Exists $C = C(\epsilon, p)$ where $\|u\|_{L^\infty(0, 1)} \le \epsilon\|u'\|_{L^p(0, 1)} + C\|u\|_{L^1(0, 1)}$ for all $u \in W^{1, p}(0, 1)$?

Question

Let $p > 1$. For all $\epsilon > 0$, does there exist $C = C(\epsilon, p)$ such that$$\|u\|_{L^\infty(0, 1)} \le \epsilon\|u'\|_{L^p(0, 1)} + C\|u\|_{L^1(0, 1)}$$for all $u \in W^{1, p}(0, 1)$?

Answer 1

Yes and to prove it it's enough to prove that for all $\delta>0$, there exists $K=K(\delta,p)$ such that $$\|u\|_{L^\infty(0, 1)} \le \delta\|u\|_{W^{1,p}(0, 1)} + K\|u\|_{L^1(0, 1)}, \quad\forall\ u \in W^{1, p}(0, 1).\tag{1}$$

In fact, assume that $(1)$ is true.
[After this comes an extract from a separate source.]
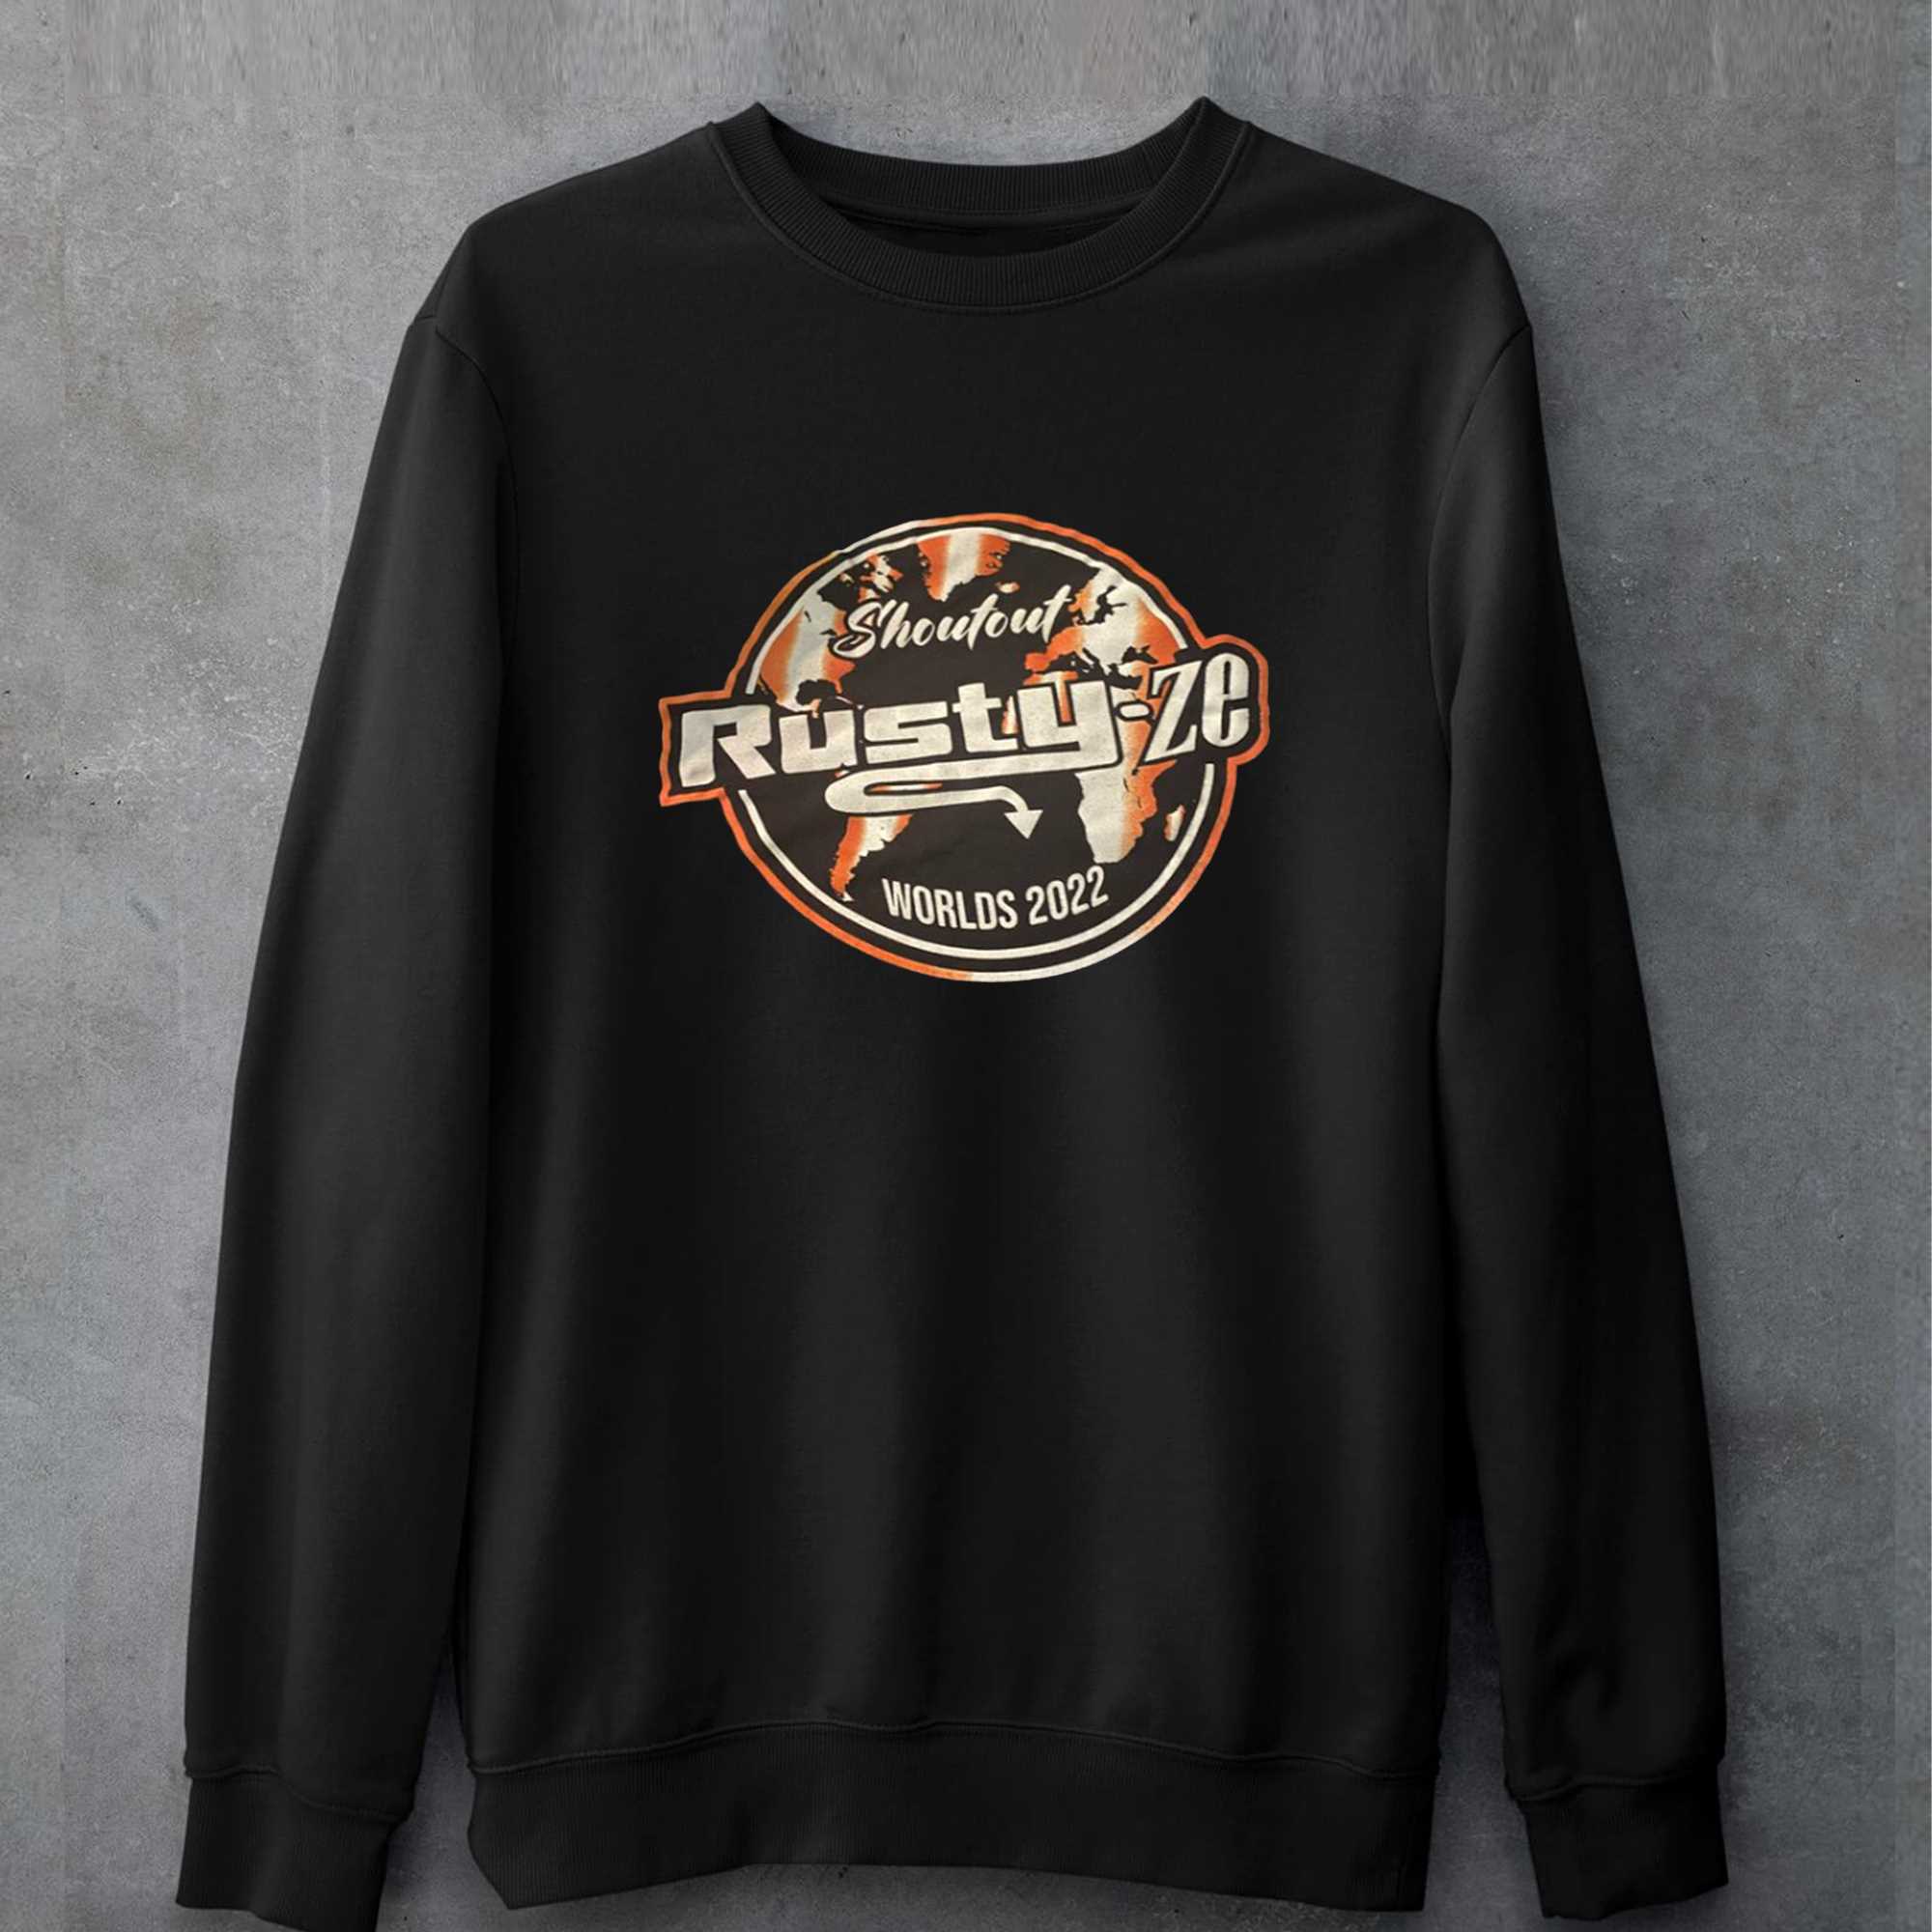 Shoutout Rusty-ze Worlds 2023 T-shirt

Let $c>0$ be a constant such that $\|\cdot\|_{L^p}\leq c\|\cdot\|_{L^\infty}$. Given $\varepsilon>0$, take $\delta=\frac{\varepsilon}{1+c\varepsilon}$. Then \begin{align}\|u\|_{L^\infty(0, 1)} &\le \delta\|u'\|_{L^p(0, 1)} + \delta\|u\|_{L^p(0, 1)}+K\|u\|_{L^1(0, 1)}\\ &\le \delta\|u'\|_{L^p(0, 1)} + \delta c \|u\|_{L^\infty(0, 1)}+K\|u\|_{L^1(0, 1)} \end{align} which implies \begin{align}(1-c\delta)\|u\|_{L^\infty(0, 1)} &\le \delta\|u'\|_{L^p(0, 1)} +K\|u\|_{L^1(0, 1)} \end{align} Thus the desired result holds with $C=K(1+c\varepsilon)$.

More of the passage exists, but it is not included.